“是我!”伍世豪点头如捣蒜,“托尼哥让你来的?我们走,赶紧走!”
何兰仔嘴角微扬,没多废话,转身便走:“上车,船在等。”
两人钻进面包车,引擎再度嘶吼起来,沿着海岸线疾驰而去。半小时后,车轮碾过港口碎石路,发出咯吱声响,淮南仔(应为“何兰仔”,疑似原文笔误)稳稳把车停靠在码头边。
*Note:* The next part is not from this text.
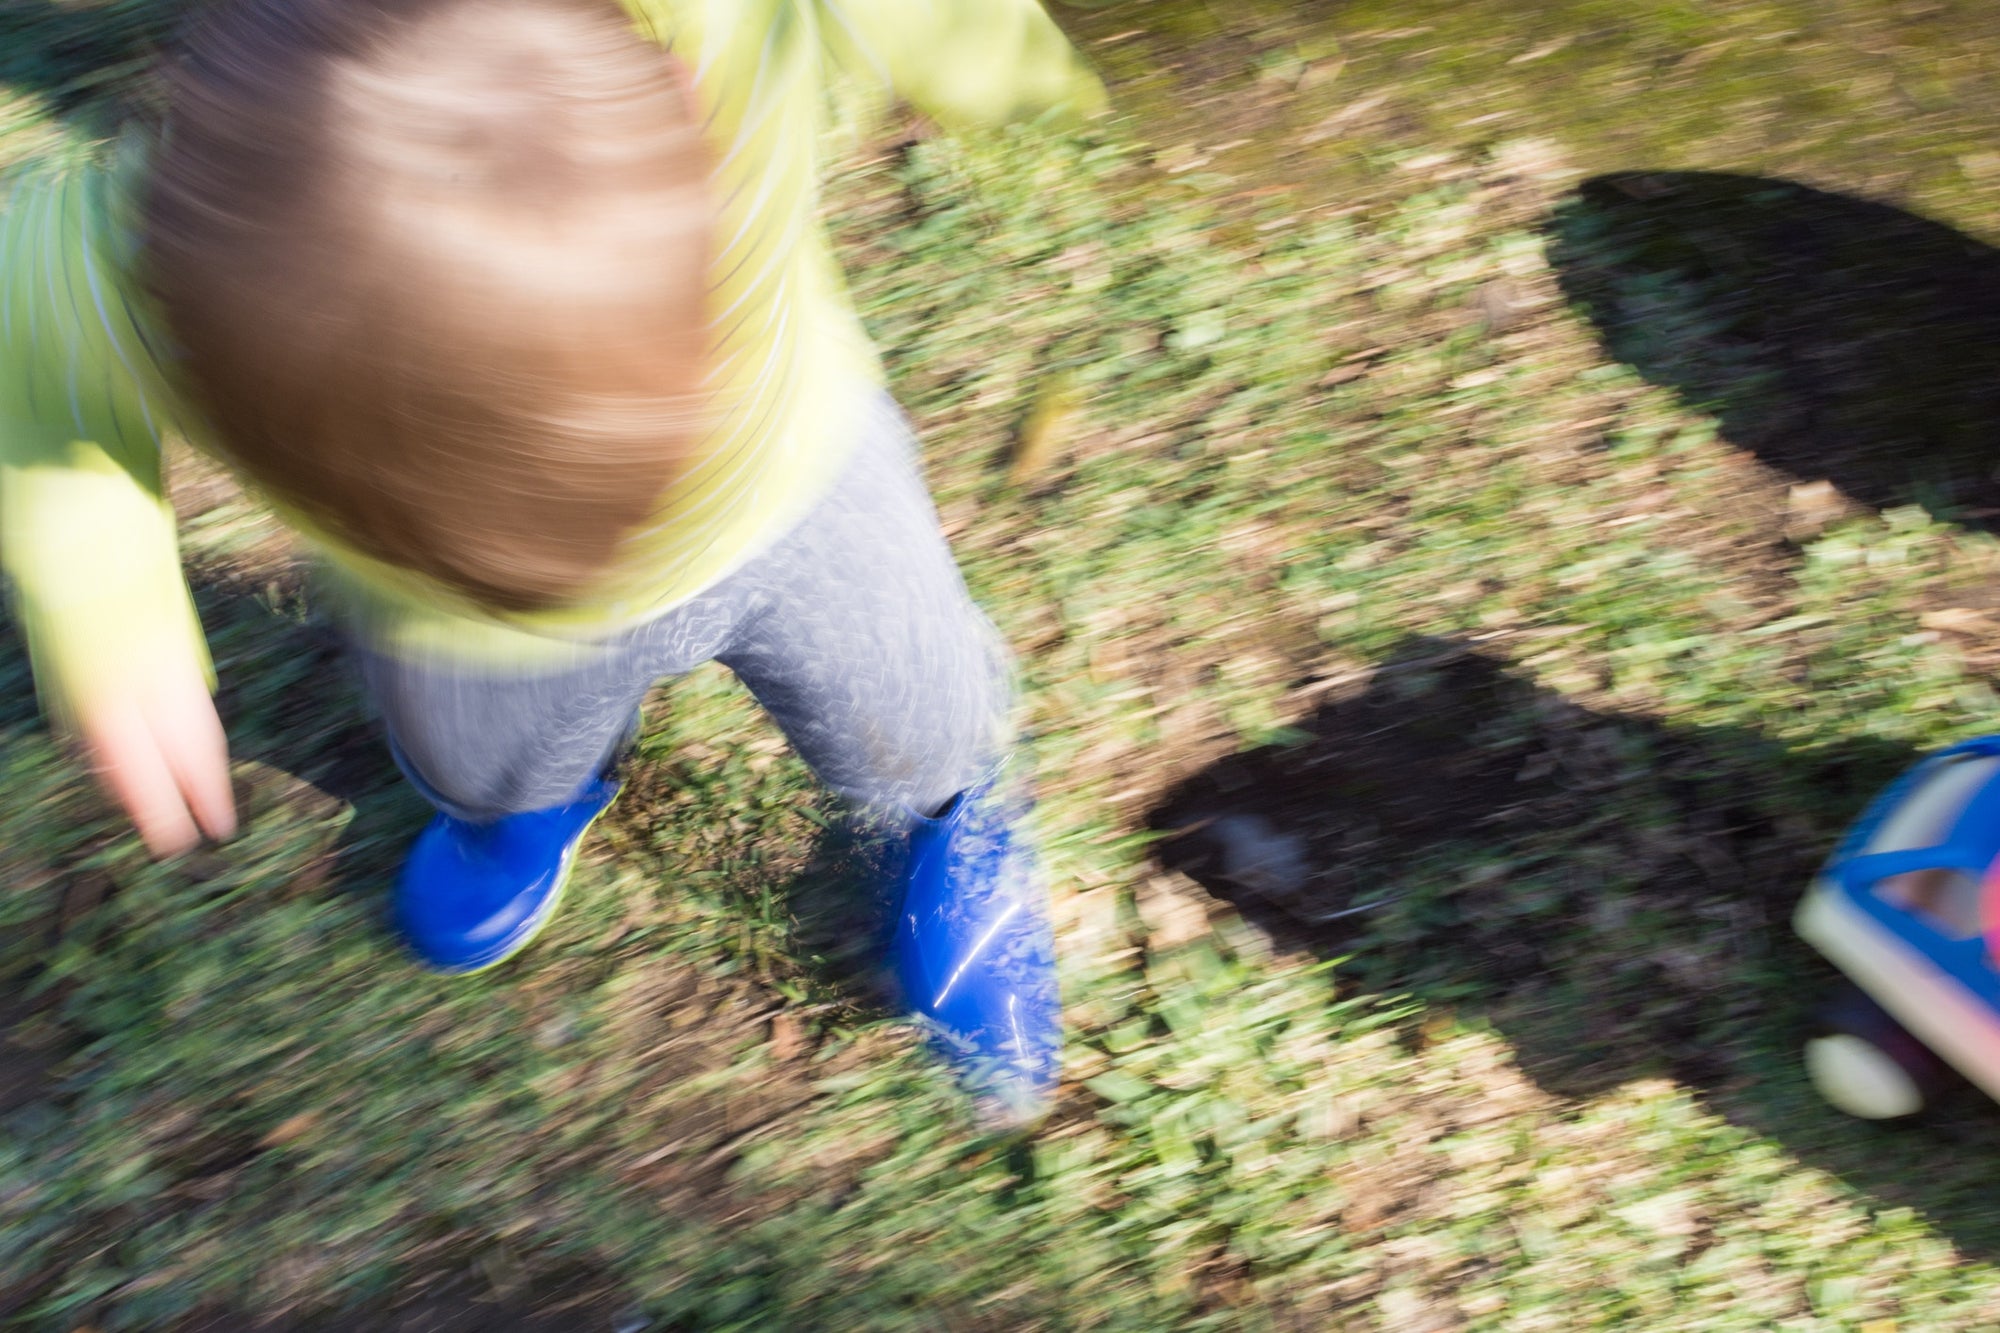 blur image of a kid playing in the garden
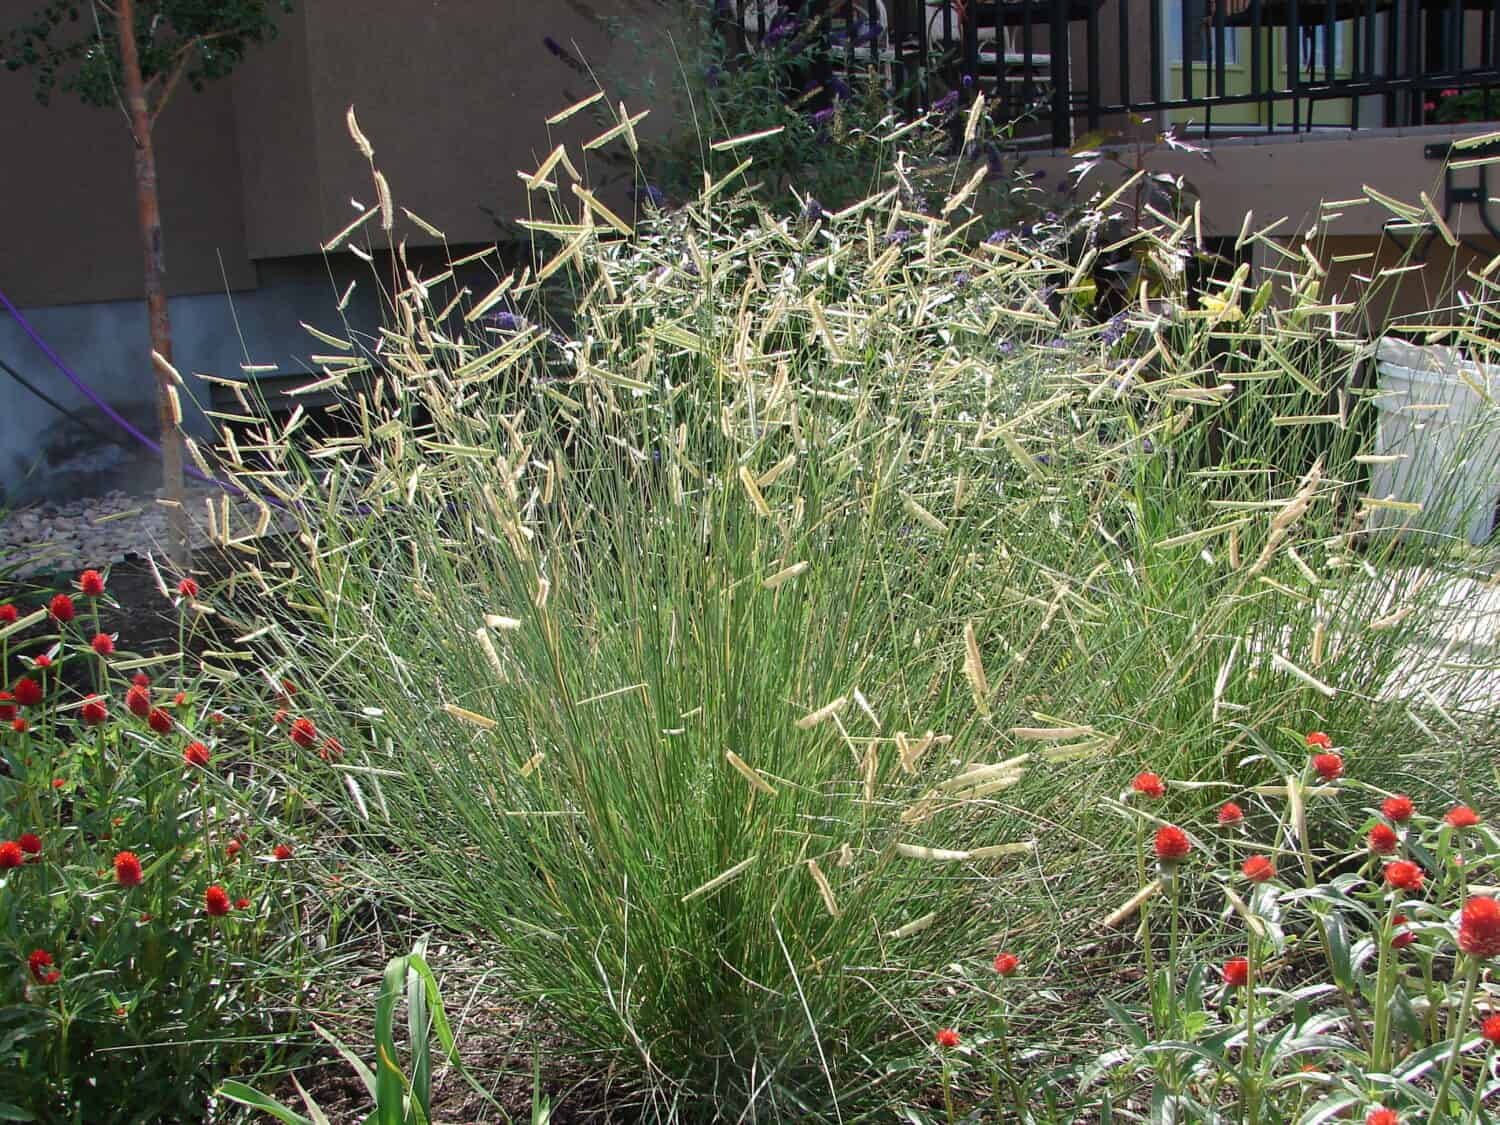 Bouteloua gracilis - blonde ambition. This is a beautiful ornamental grass that works well for Zone 4 gardens.

伍世豪推门跳下车,动作干脆利落。寒风迎面扑来,像刀子刮脸,海浪拍打着水泥堤岸,溅起一片白沫。可他浑不在意,目光死死盯住不远处那艘静静泊着的小型游艇——幽暗灯光下,船身泛着冷光,宛如一头蛰伏的野兽。
而船头站着一人,嘴里叼着烟,火光明灭。
“托尼哥!!”伍世豪大喊一声,三步并作两步冲上前,声音里全是焦灼与期待,“我到了!咱们现在就出发,快!把我老婆孩子接出来!这事全靠你了,一定要平安带到!”
托尼缓缓转过身,深吸一口烟,将最后一缕火星吞入肺中,随即手腕一甩,烟头划出一道弧线,“噗通”坠入黑沉沉的海水。
他抬手,重重拍在伍世豪肩上,力道沉稳:“放心。我跑这条水路的时候,你还在岸上挖泥巴呢。别搞得跟生离死别似的,兄弟之间,不说这些虚的。”
伍世豪喉咙动了动,没再说话。他知道托尼不是吹牛——当年他自己偷渡上香江,也是坐那种黑船,结果半路撞上巡逻差佬,被迫跳海逃生,靠着一口气游到三角湾才捡回条命。那种提心吊胆的日子,他再也不想让妻儿经历一次。
更怕的是,一旦失手,不只是遣返那么简单——铁窗、案底、一辈子抬不起头,甚至牵连家人……
可此刻,看着托尼那张冷静到近乎冷酷的脸,他心里那根紧绷的弦,竟悄然松了几分。
托尼忽然眯眼打量他一身单薄西装,皱眉道:“出海半夜零下的风,你穿这个?不怕冻成冰棍?”
回头一声吼:“何兰仔!拿件风衣来!”
“好嘞,托尼哥!”何兰仔麻利翻出一件厚实军绿风衣,甩手抛了过来。
伍世豪接过,笑着冲两人点头致意,迅速披上。其实刚才站在码头那一刻,刺骨寒意就已经往骨头缝里钻了,全靠心头那团火撑着——那是希望的火,是牵挂的火,是一个男人为家人豁出去的执念。
“走,出发。”
一切准备就绪,托尼朝伍世豪和何兰仔抬了下手,话音未落,人已轻巧跃上甲板。引擎低吼一声,游艇如暗夜中的猎豹,撕开墨色海面,朝着大陆方向疾驰而去。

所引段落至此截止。